*Work to complete:*
Copy out every line of the material below, character for character, apart from the pictures.

*Supplied information:*
#####
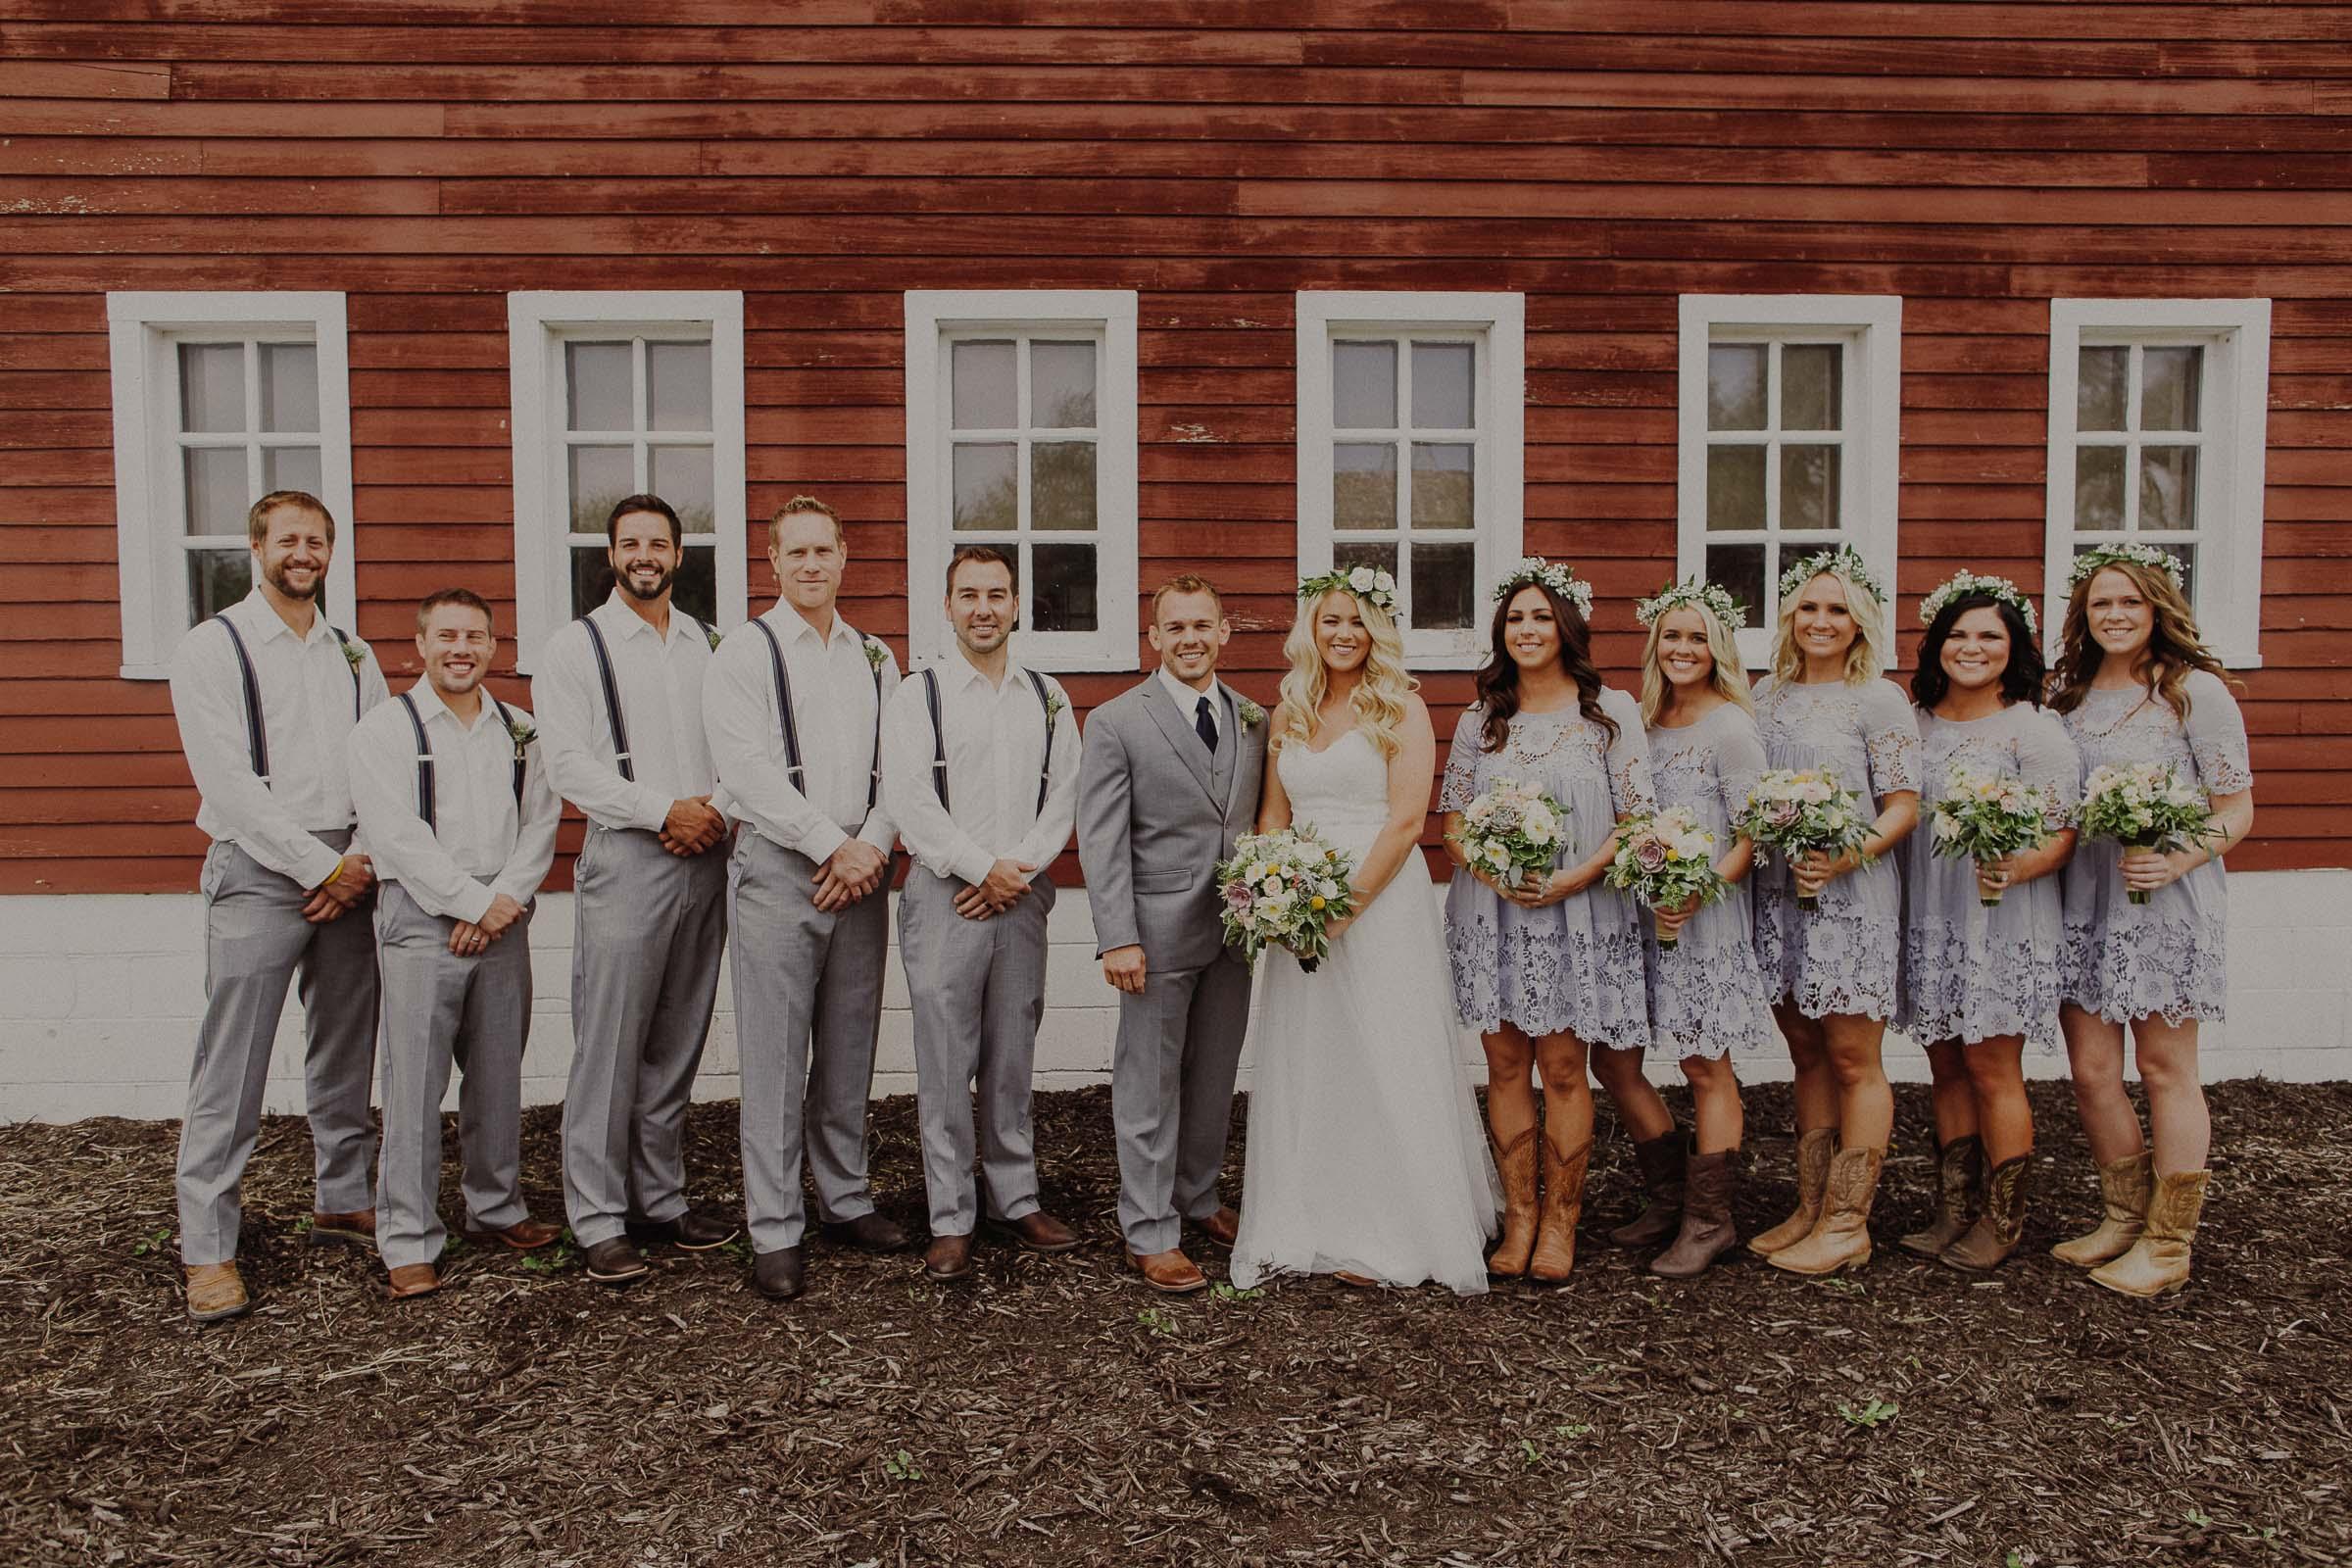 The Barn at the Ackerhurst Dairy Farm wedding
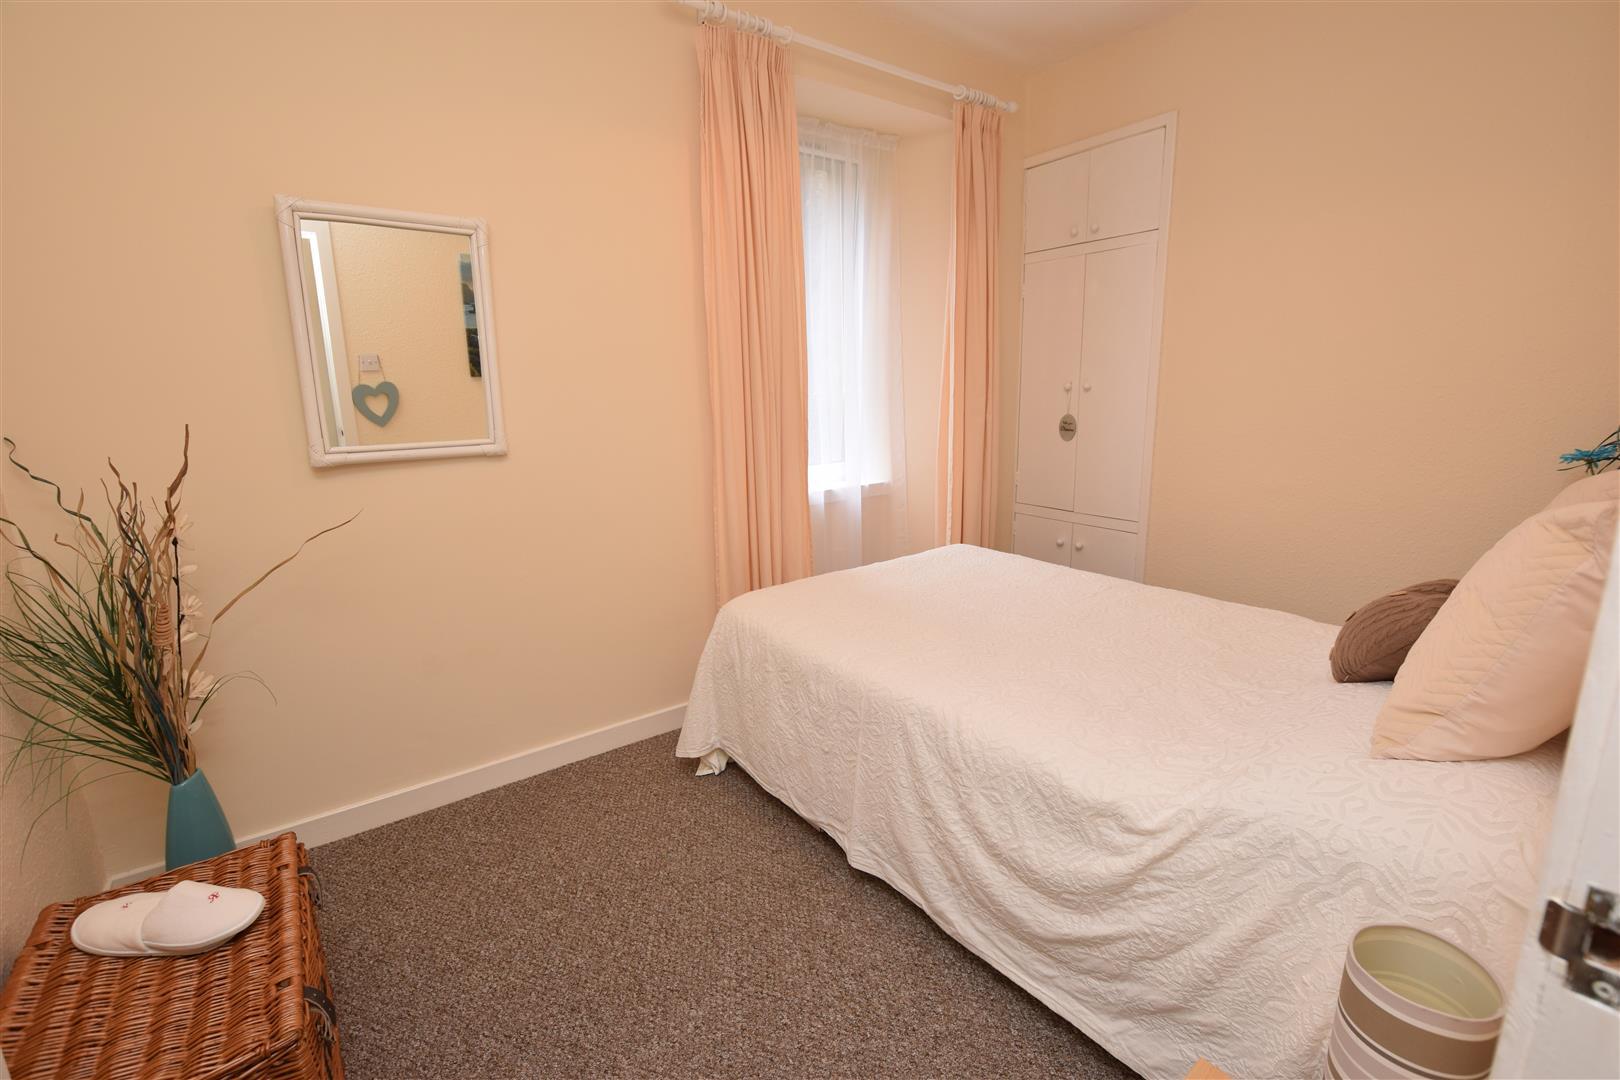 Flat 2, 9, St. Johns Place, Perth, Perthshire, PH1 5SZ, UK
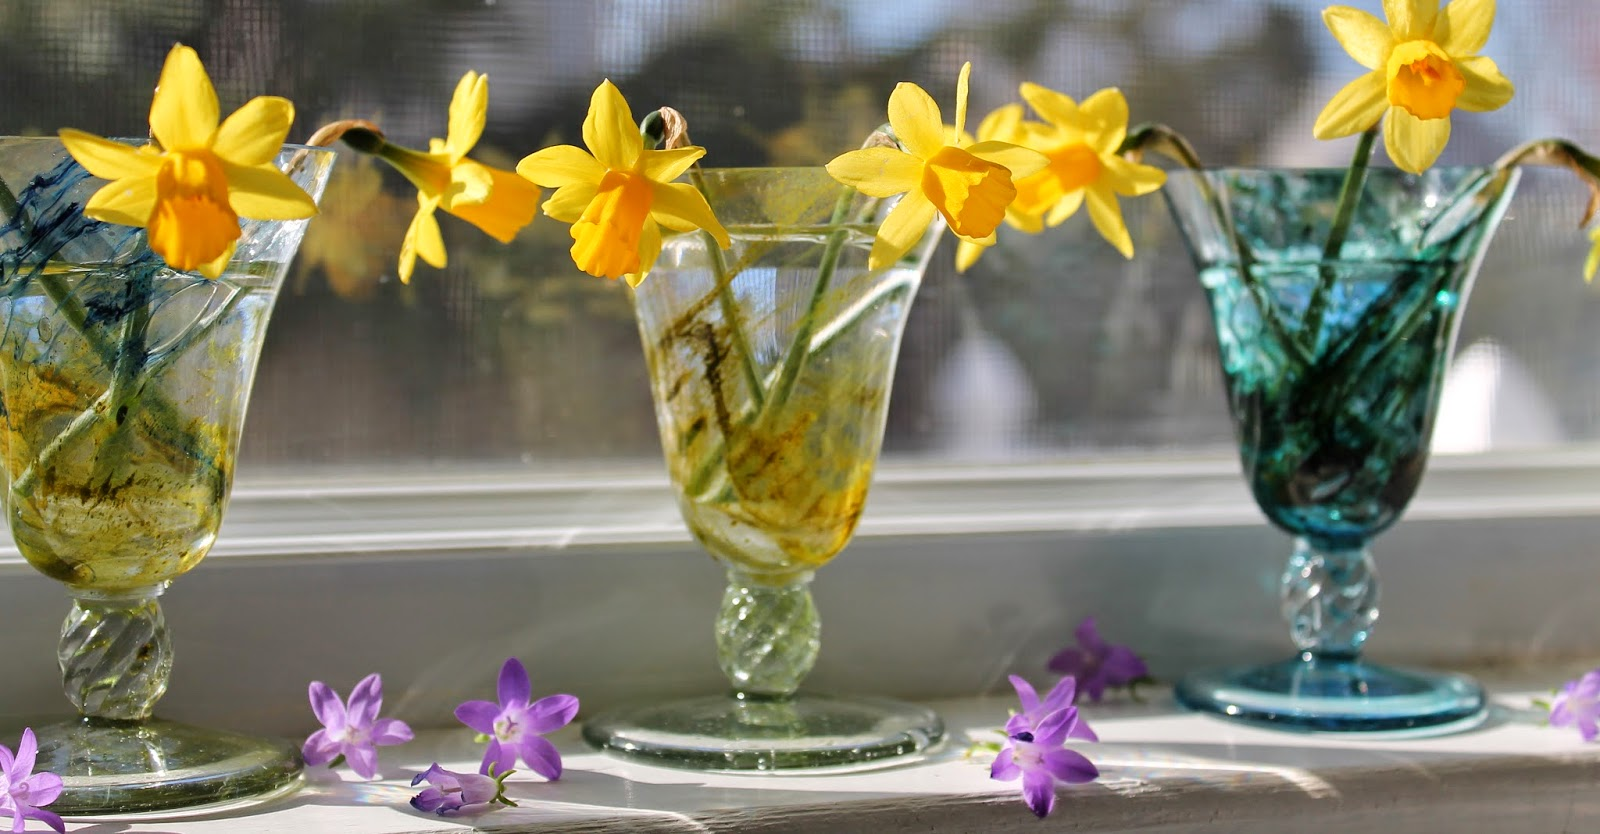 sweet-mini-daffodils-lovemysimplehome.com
#####
*Solution to the exercise:*
 The Barn at the Ackerhurst Dairy Farm wedding
 Flat 2, 9, St. Johns Place, Perth, Perthshire, PH1 5SZ, UK
 sweet-mini-daffodils-lovemysimplehome.com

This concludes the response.